» **The records**
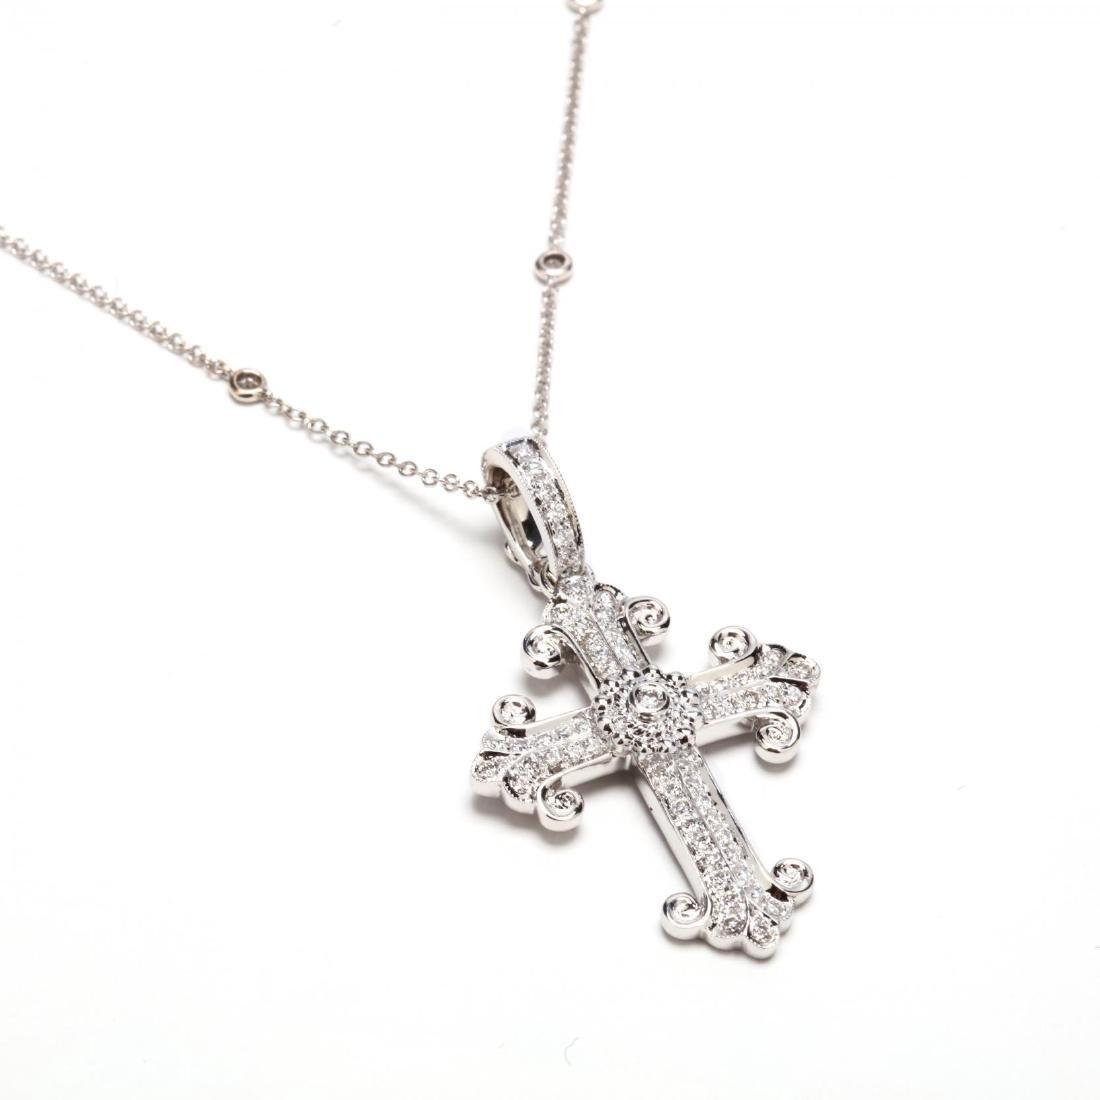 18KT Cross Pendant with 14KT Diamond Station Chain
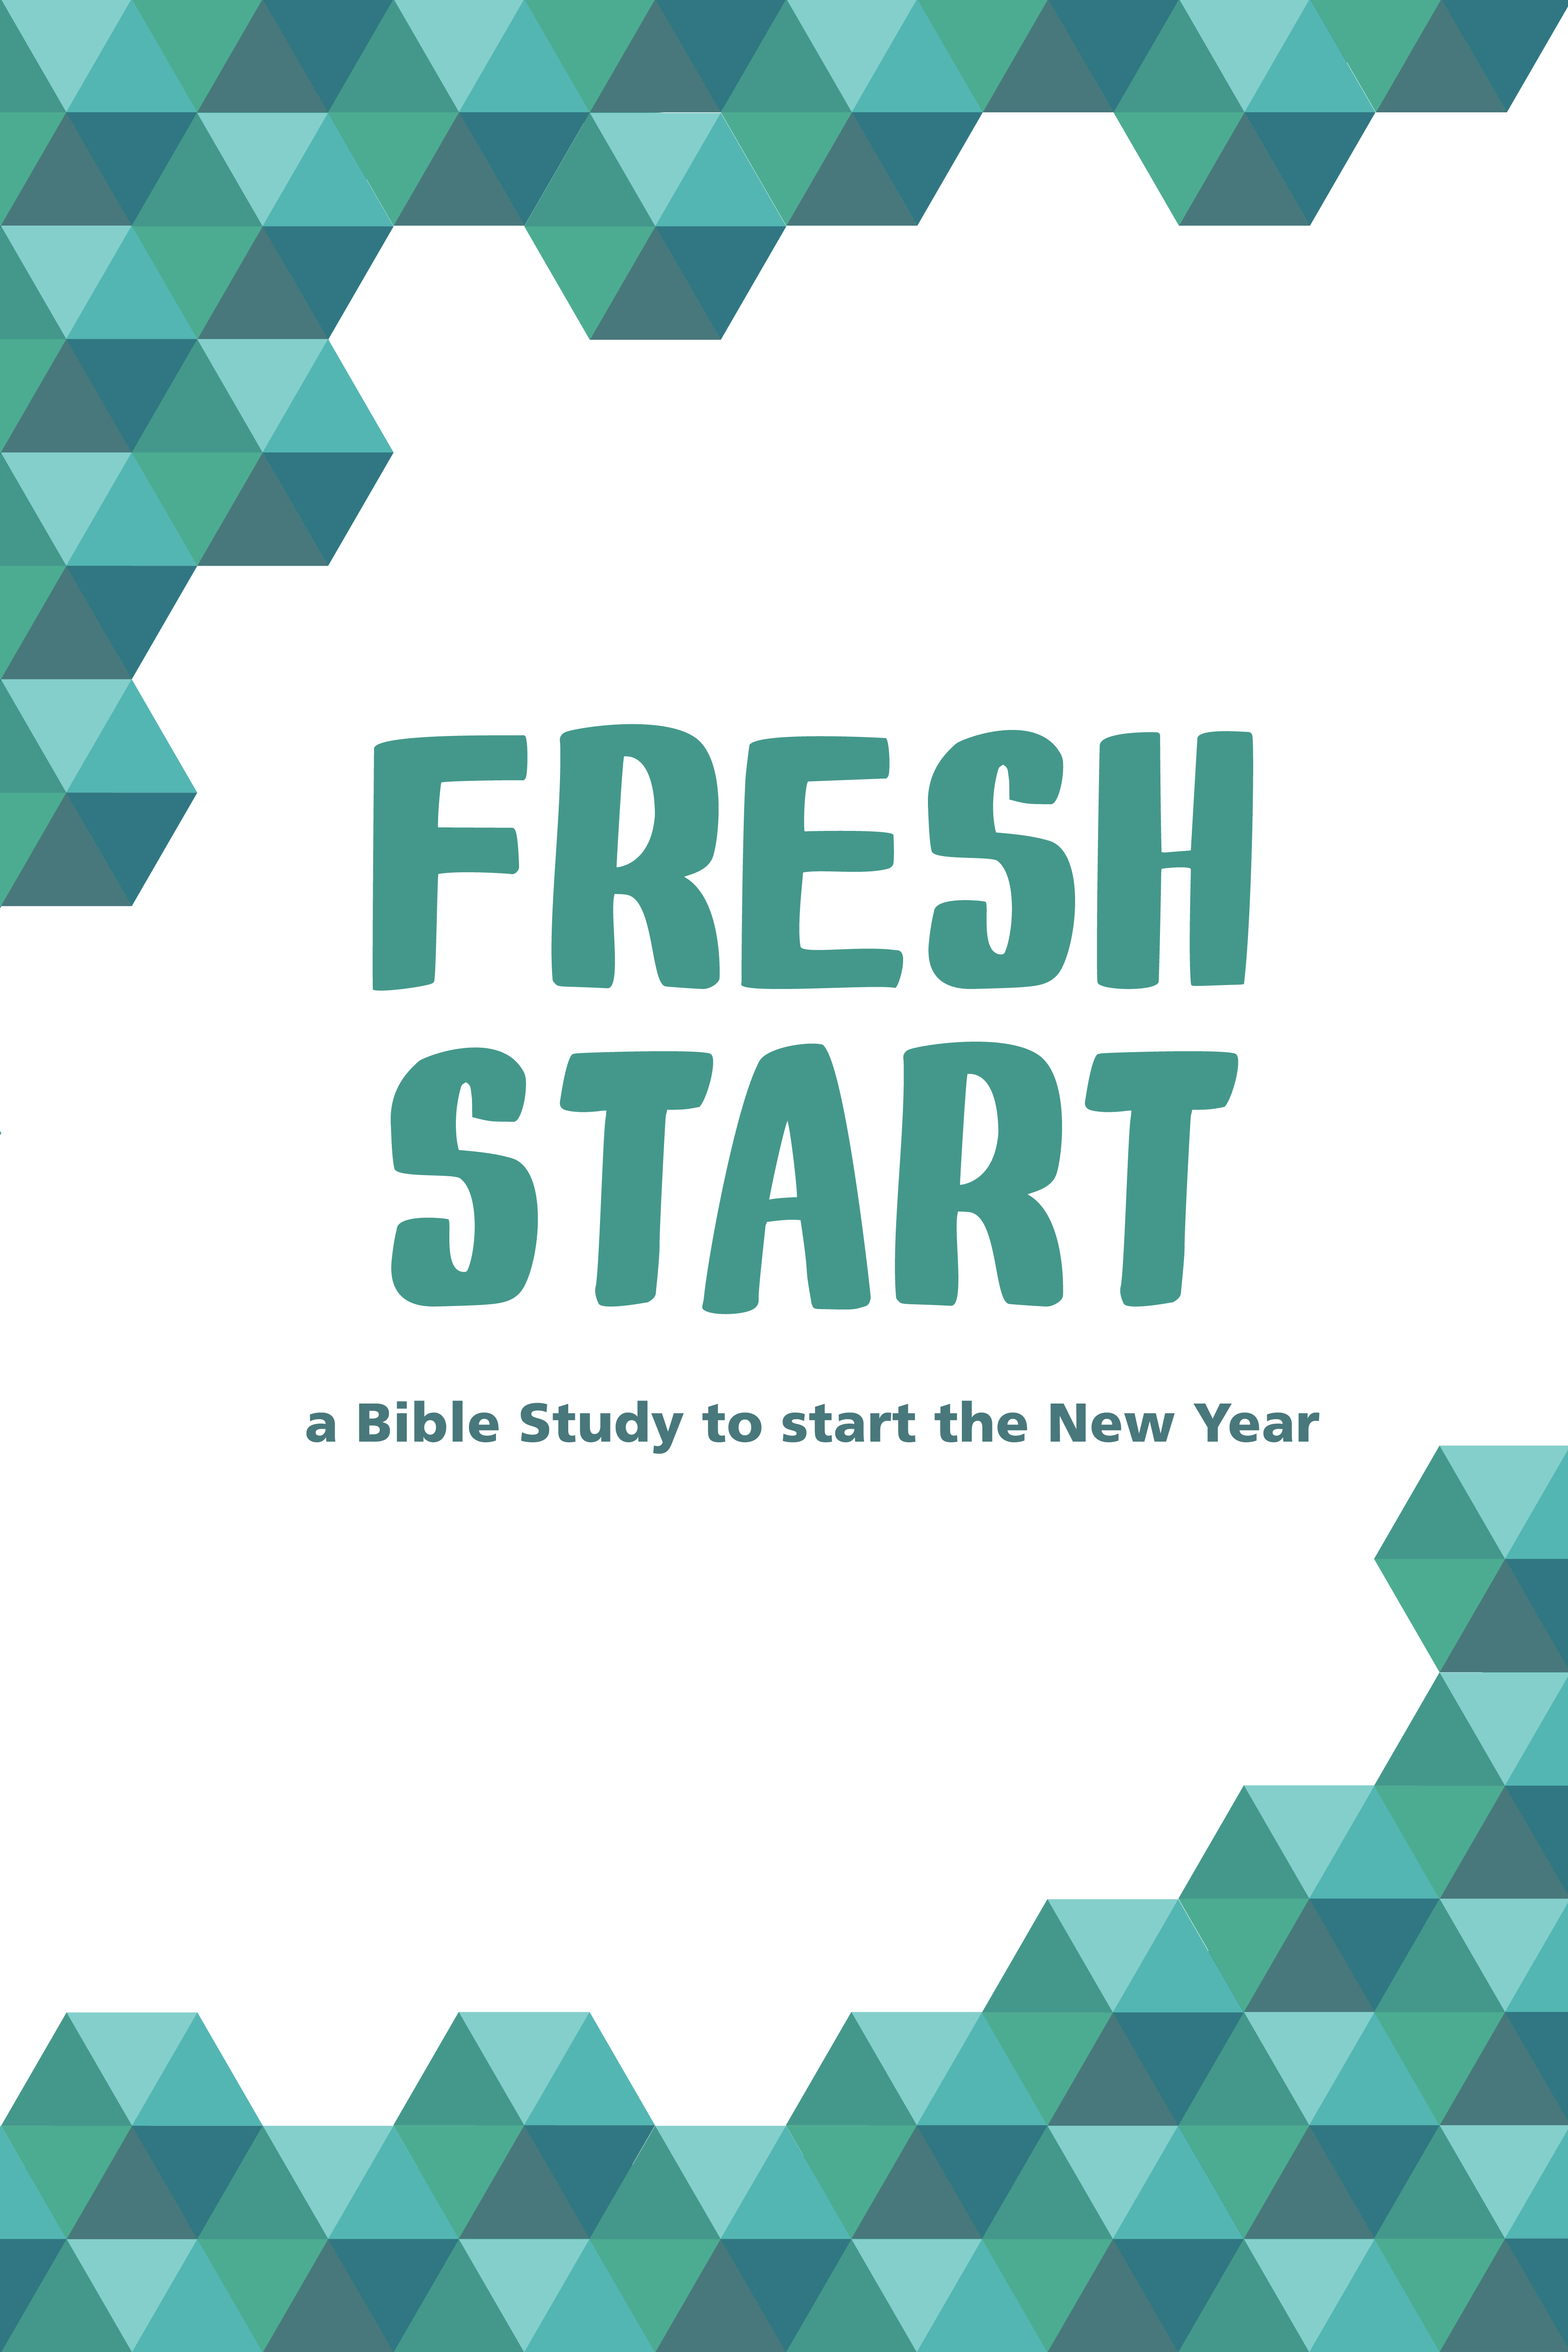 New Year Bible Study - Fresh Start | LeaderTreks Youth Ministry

==

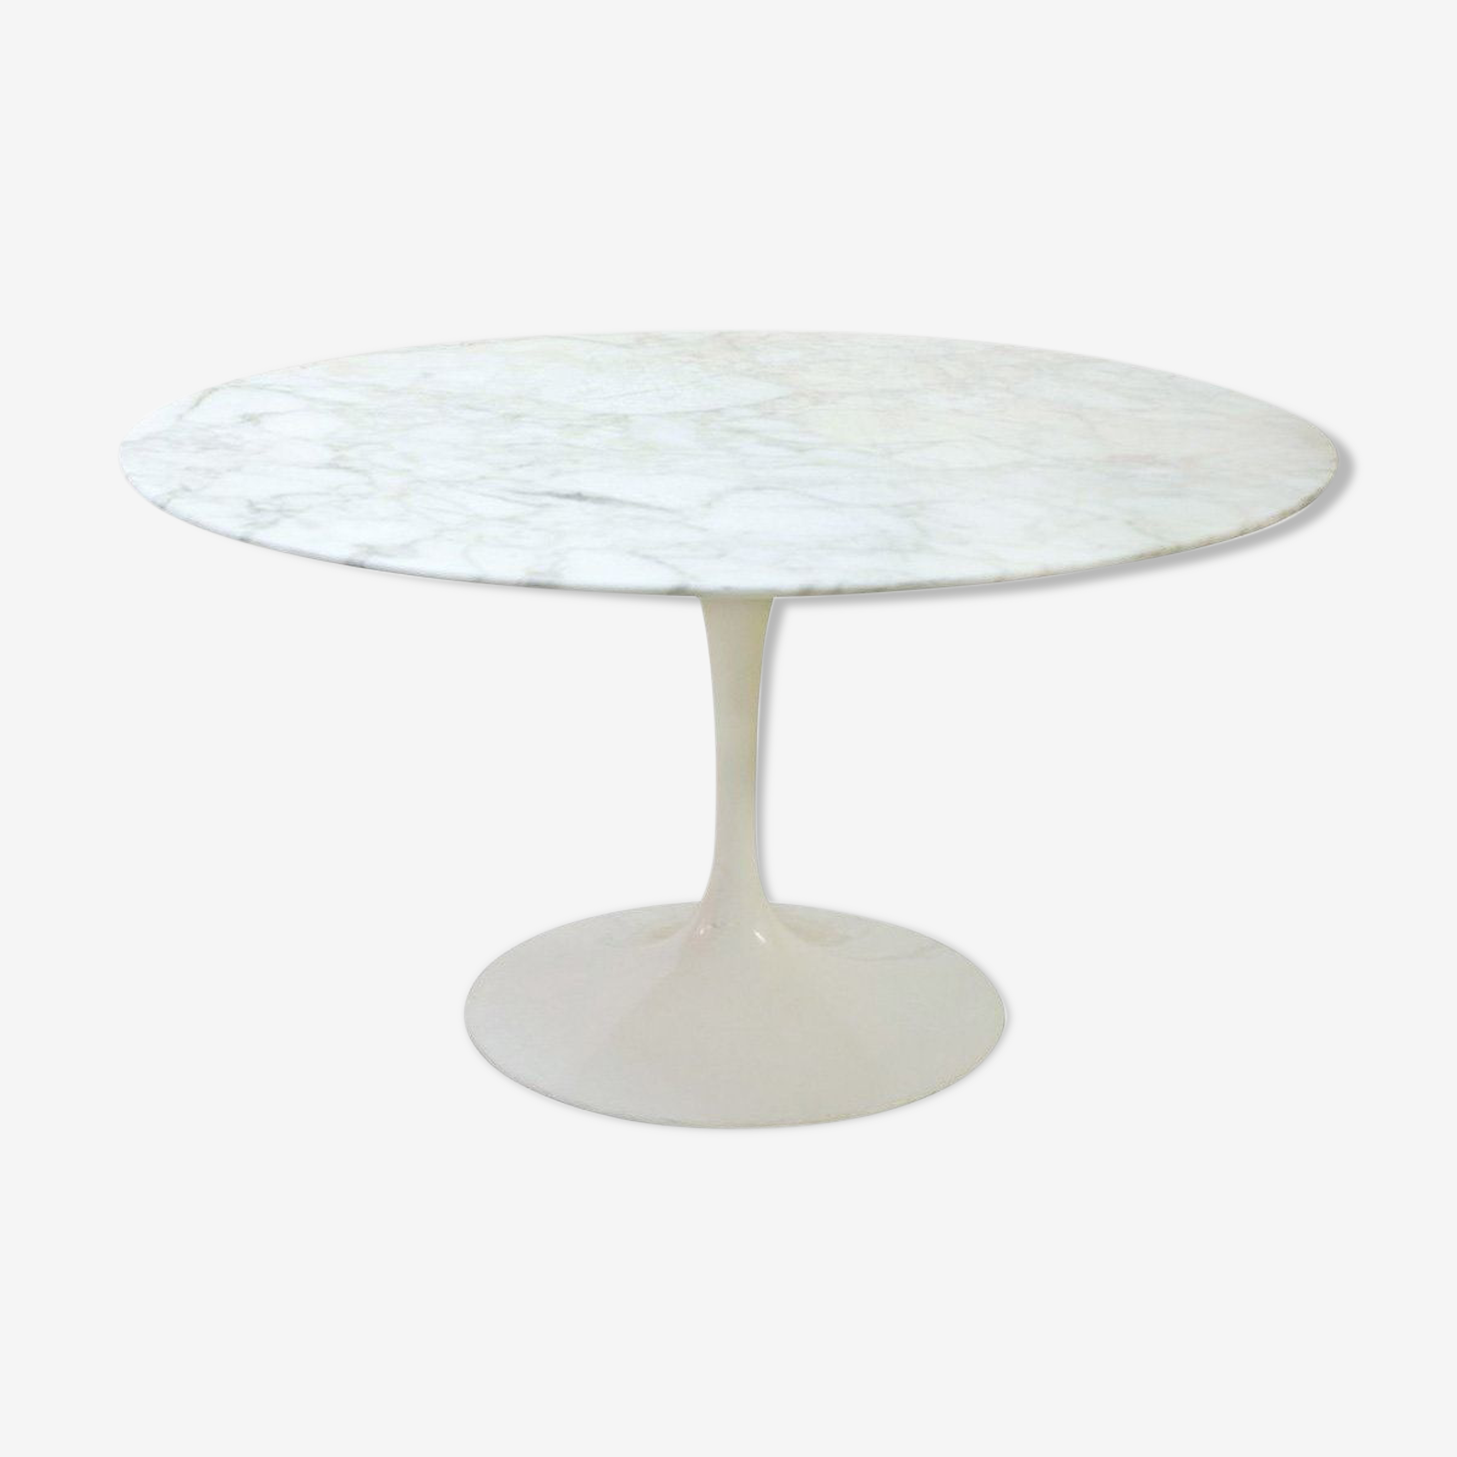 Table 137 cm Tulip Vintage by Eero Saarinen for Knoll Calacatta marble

* * *

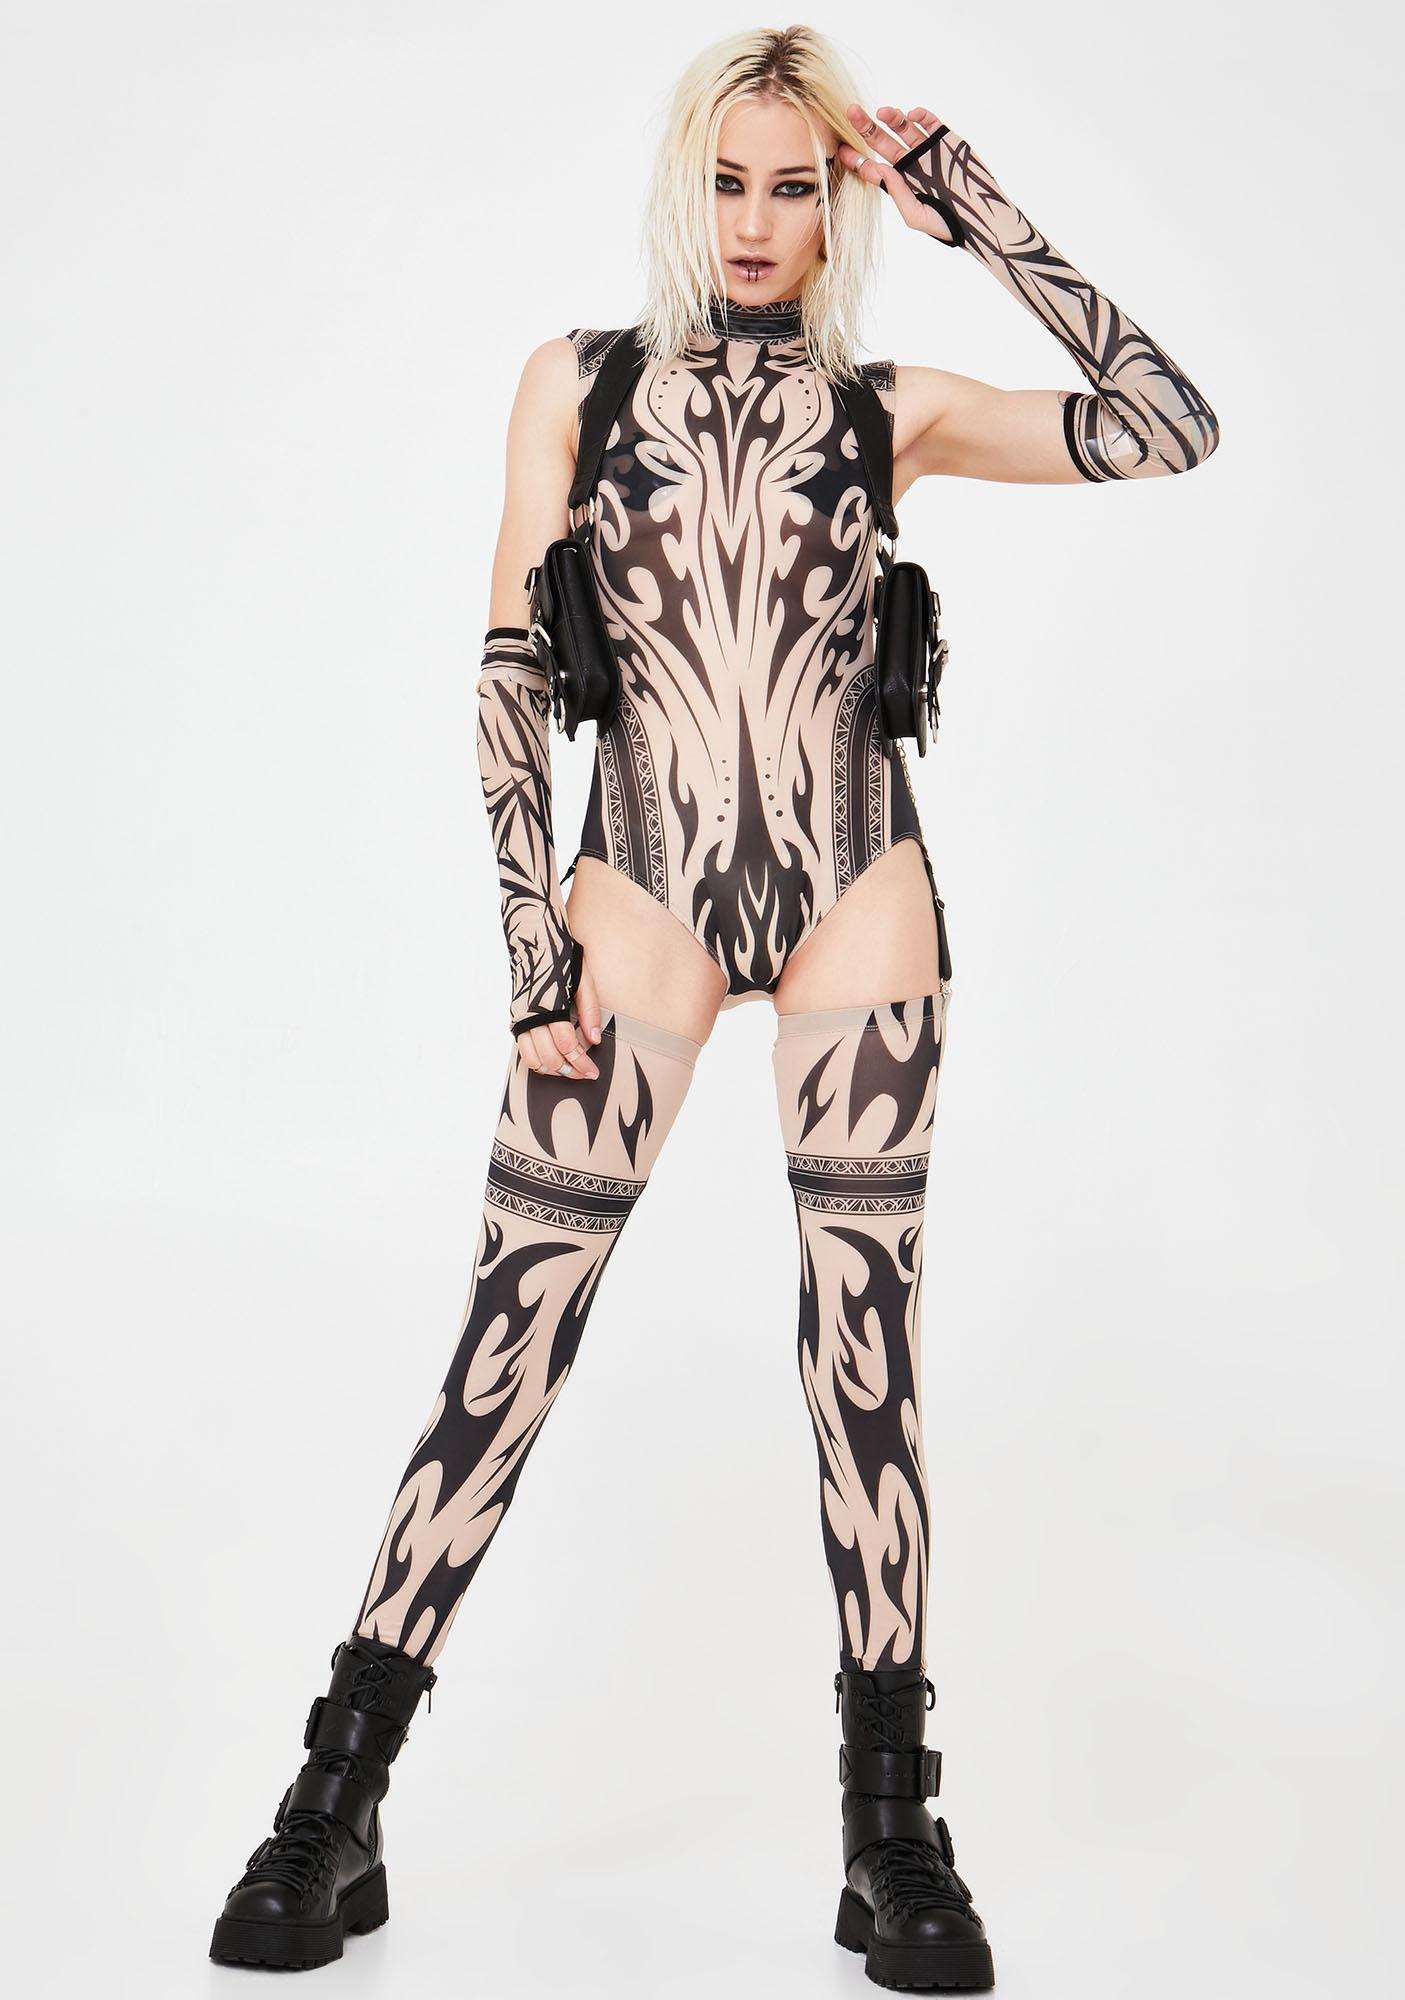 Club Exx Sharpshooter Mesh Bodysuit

» **What you should do**
All that should be printed is the run of lines above from the one with "18KT Cross Pendant" through the one with "New Year Bible", both included, exactly as given, with pictures left out.

» **Expected answer**
 18KT Cross Pendant with 14KT Diamond Station Chain
 New Year Bible Study - Fresh Start | LeaderTreks Youth Ministry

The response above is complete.